Provided data:
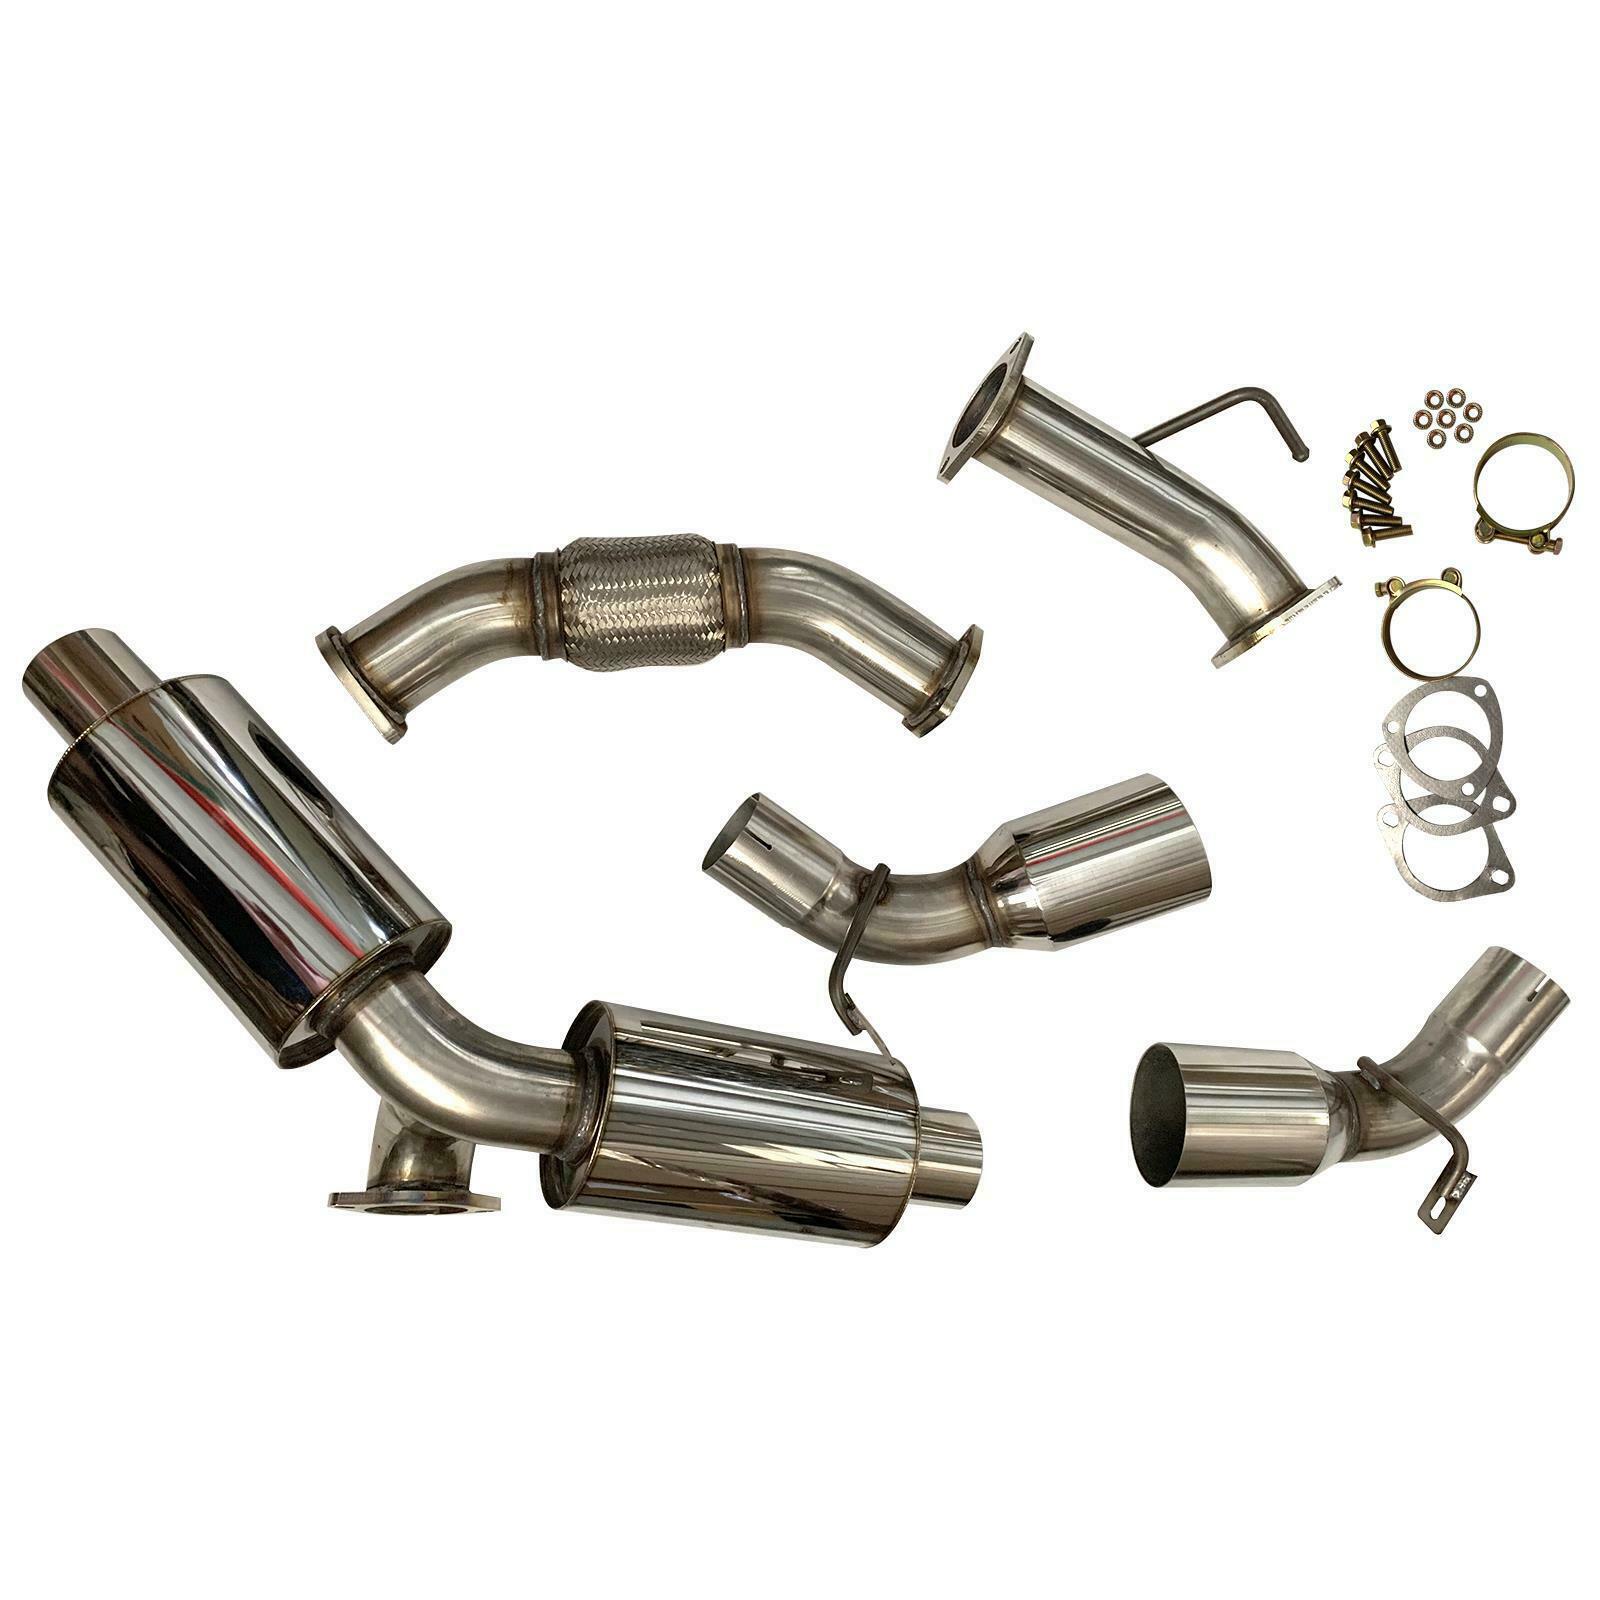 Stainless Dual Muffler Catback Exhaust System For Toyota Mr2 2.0l 1998cc
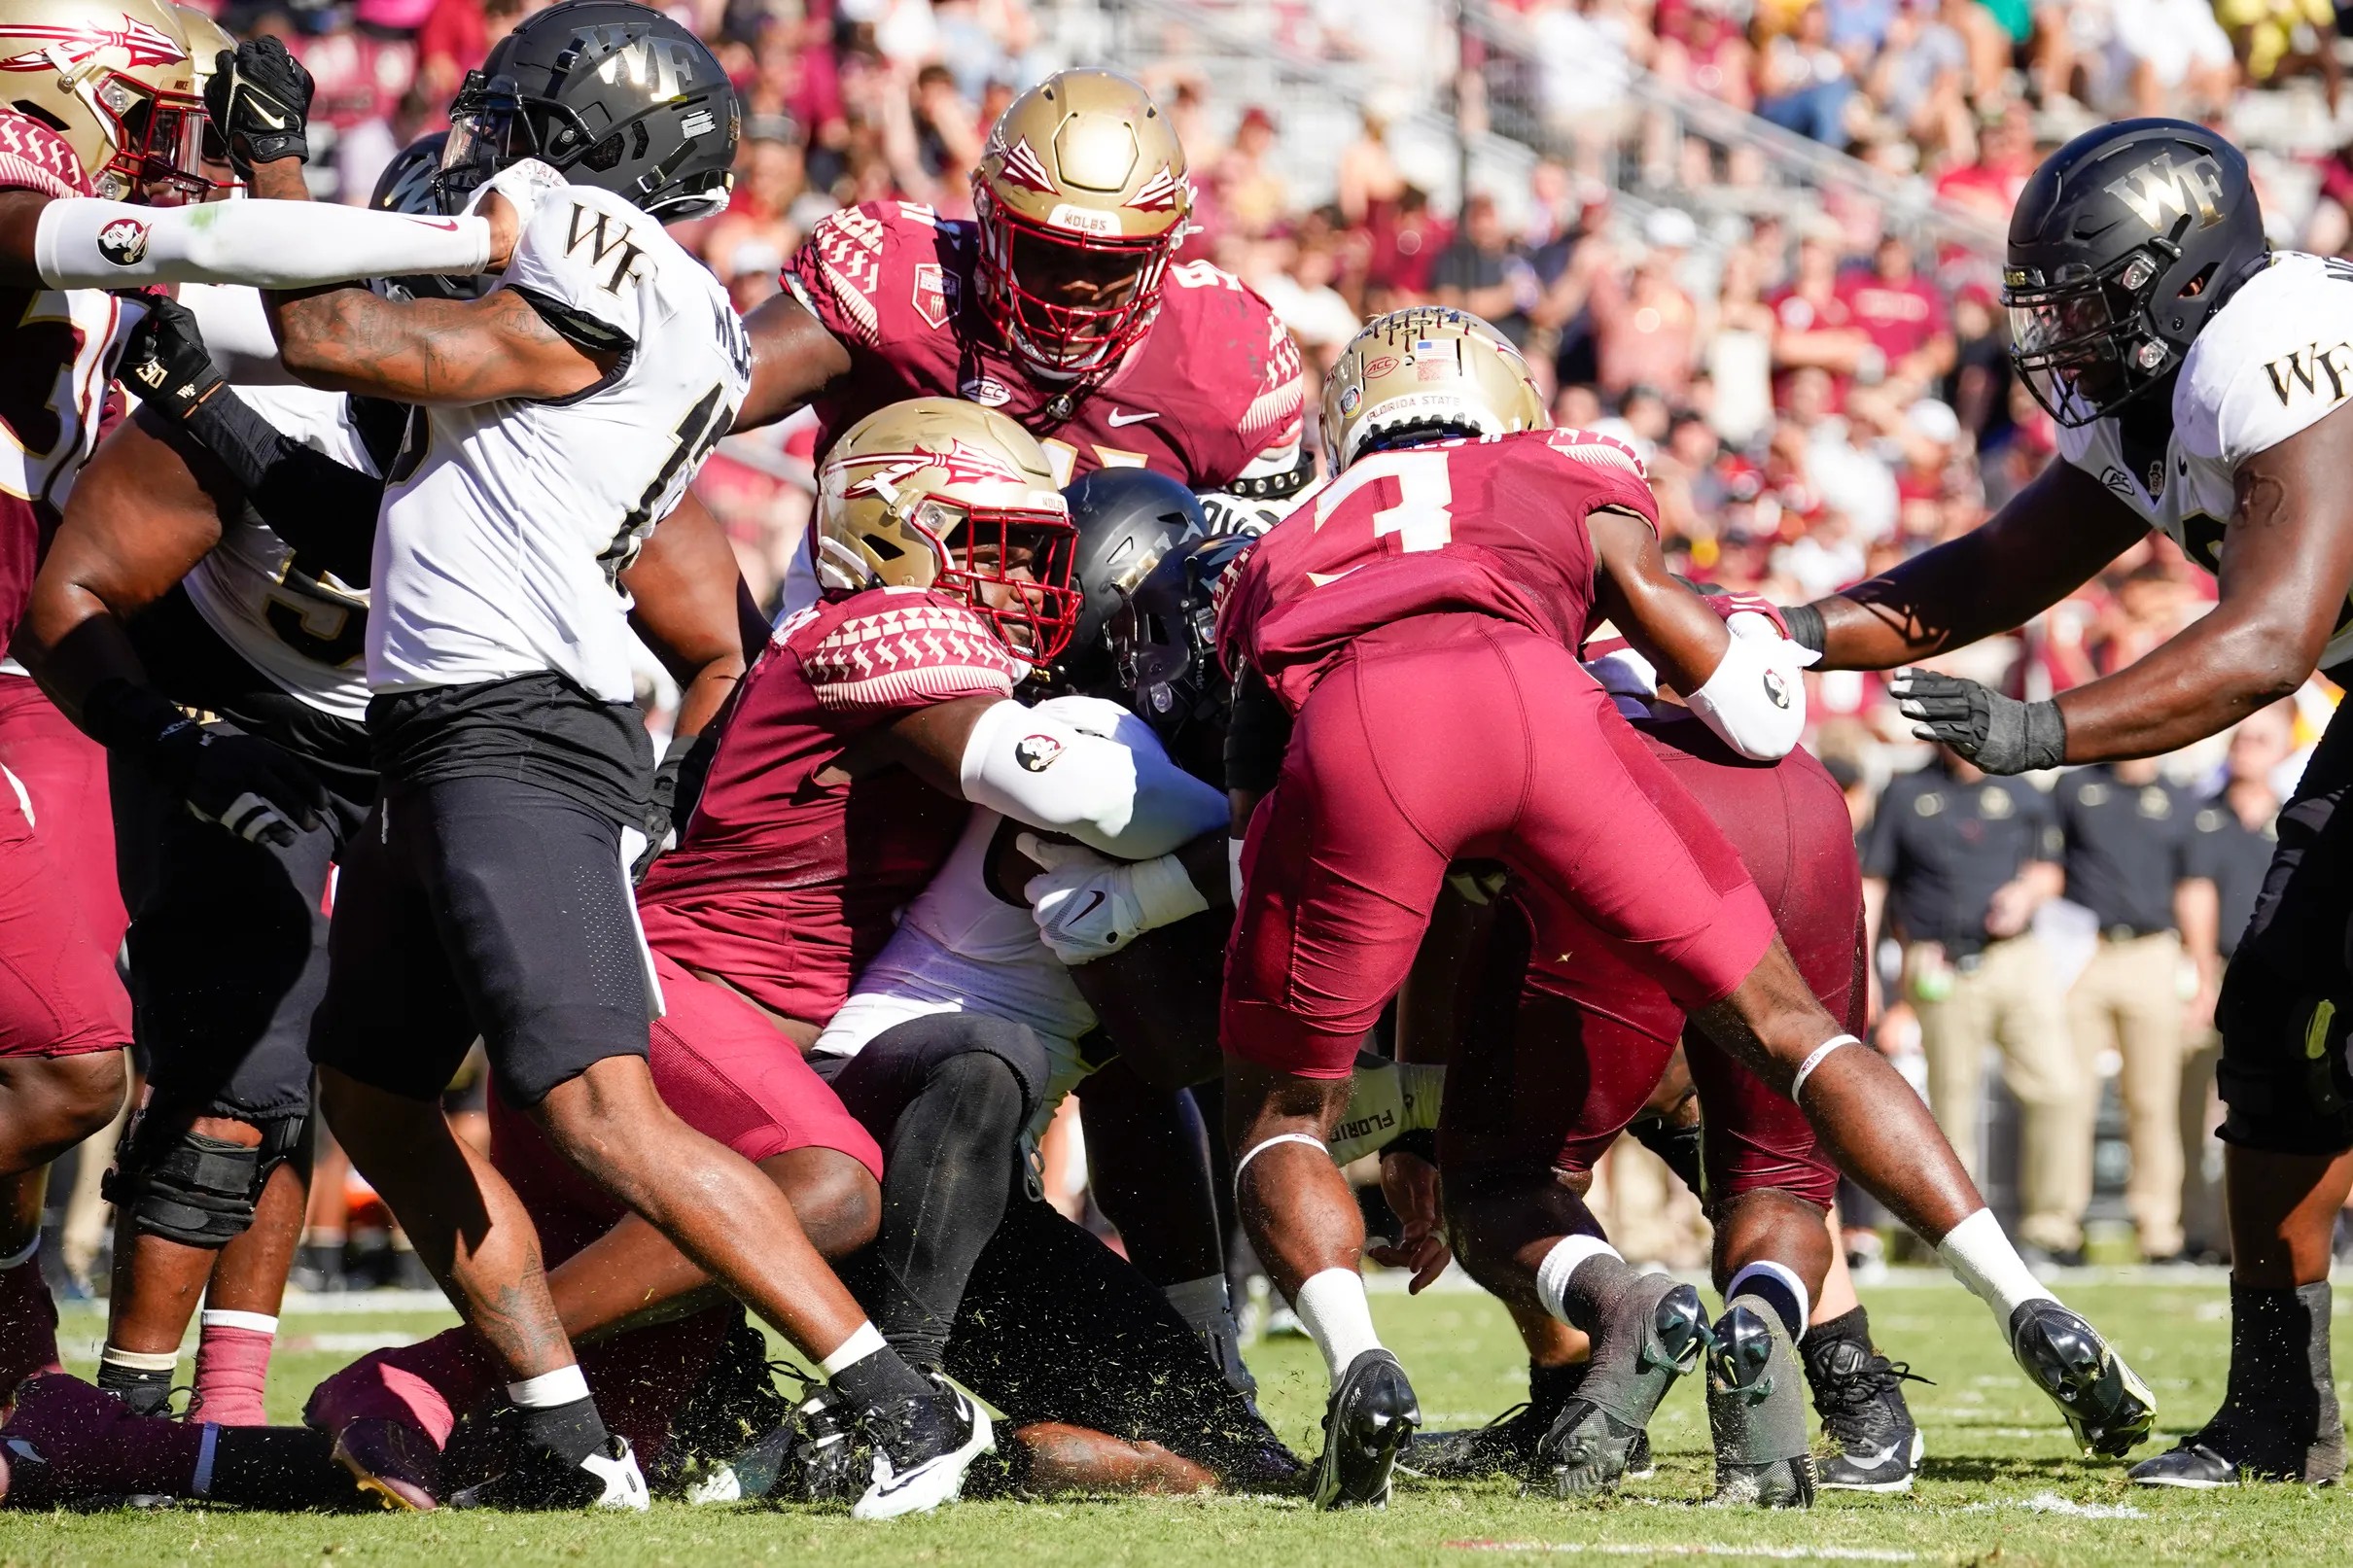 What went right, what went wrong on defense for FSU vs. Wake Forest
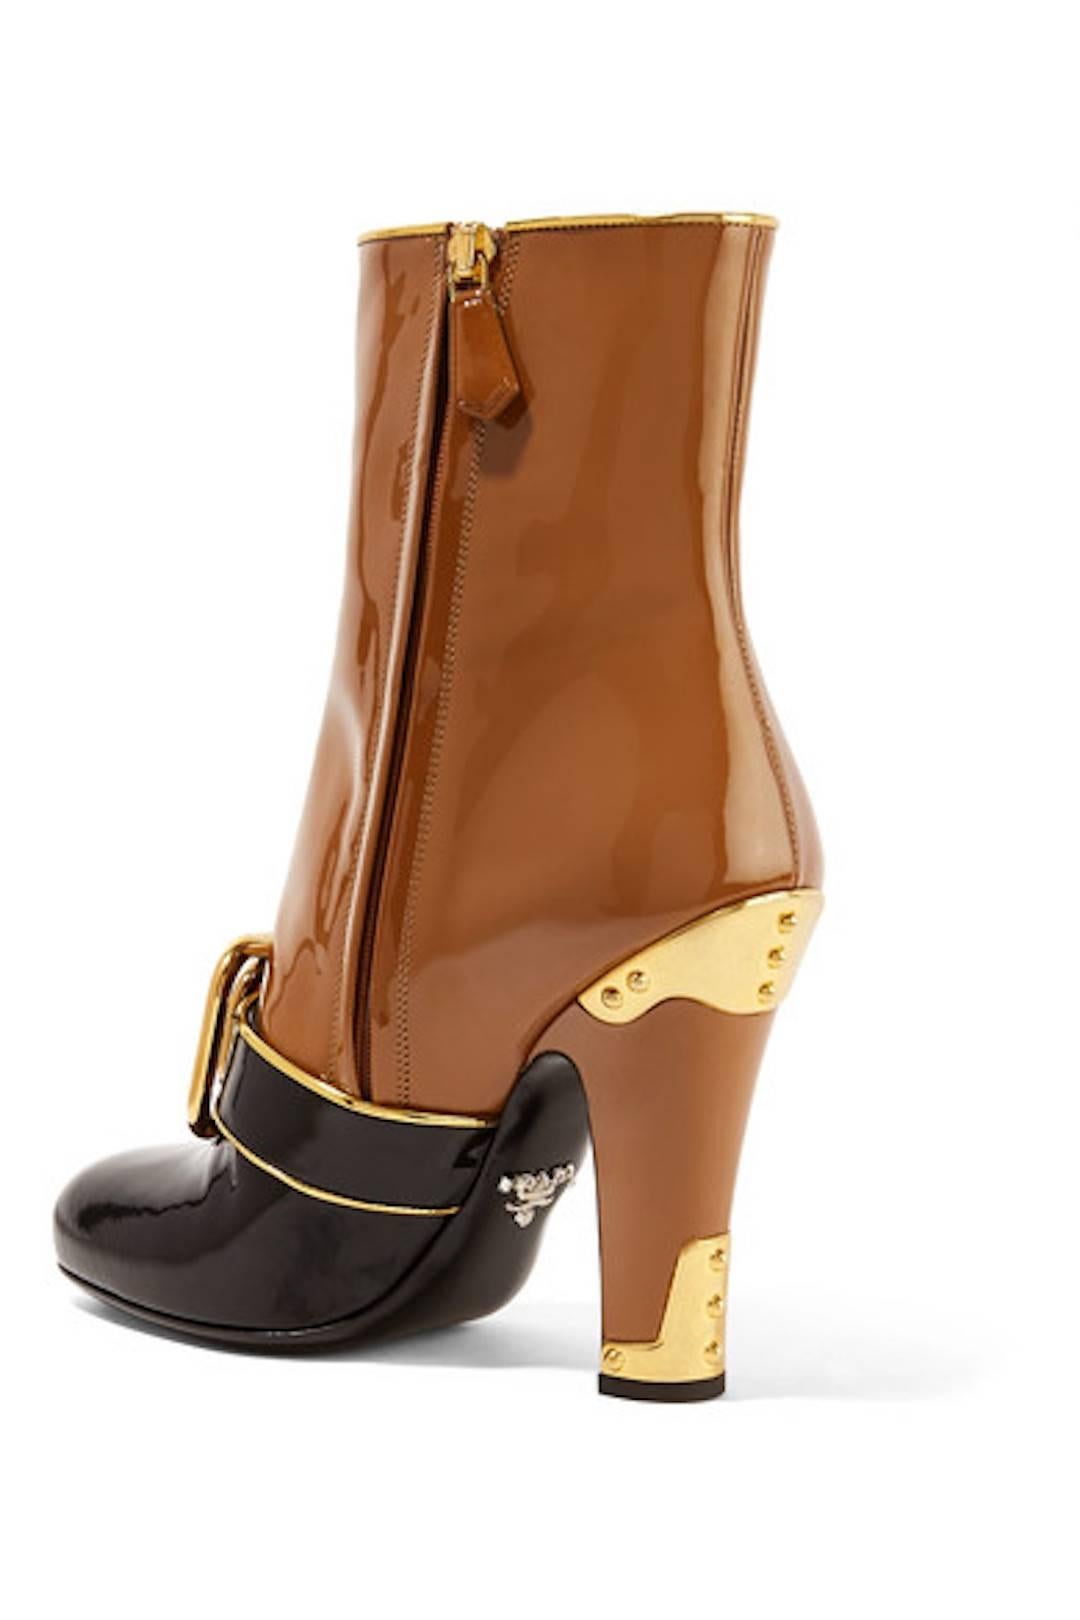 Women's Prada NEW Runway Cognac Colorblock Gold Patent Ankle Boots Shoes in Box

Exercise directions: Please output the data above exactly as given, omitting every picture.

Task answer:
 Stainless Dual Muffler Catback Exhaust System For Toyota Mr2 2.0l 1998cc
 What went right, what went wrong on defense for FSU vs. Wake Forest
 Women's Prada NEW Runway Cognac Colorblock Gold Patent Ankle Boots Shoes in Box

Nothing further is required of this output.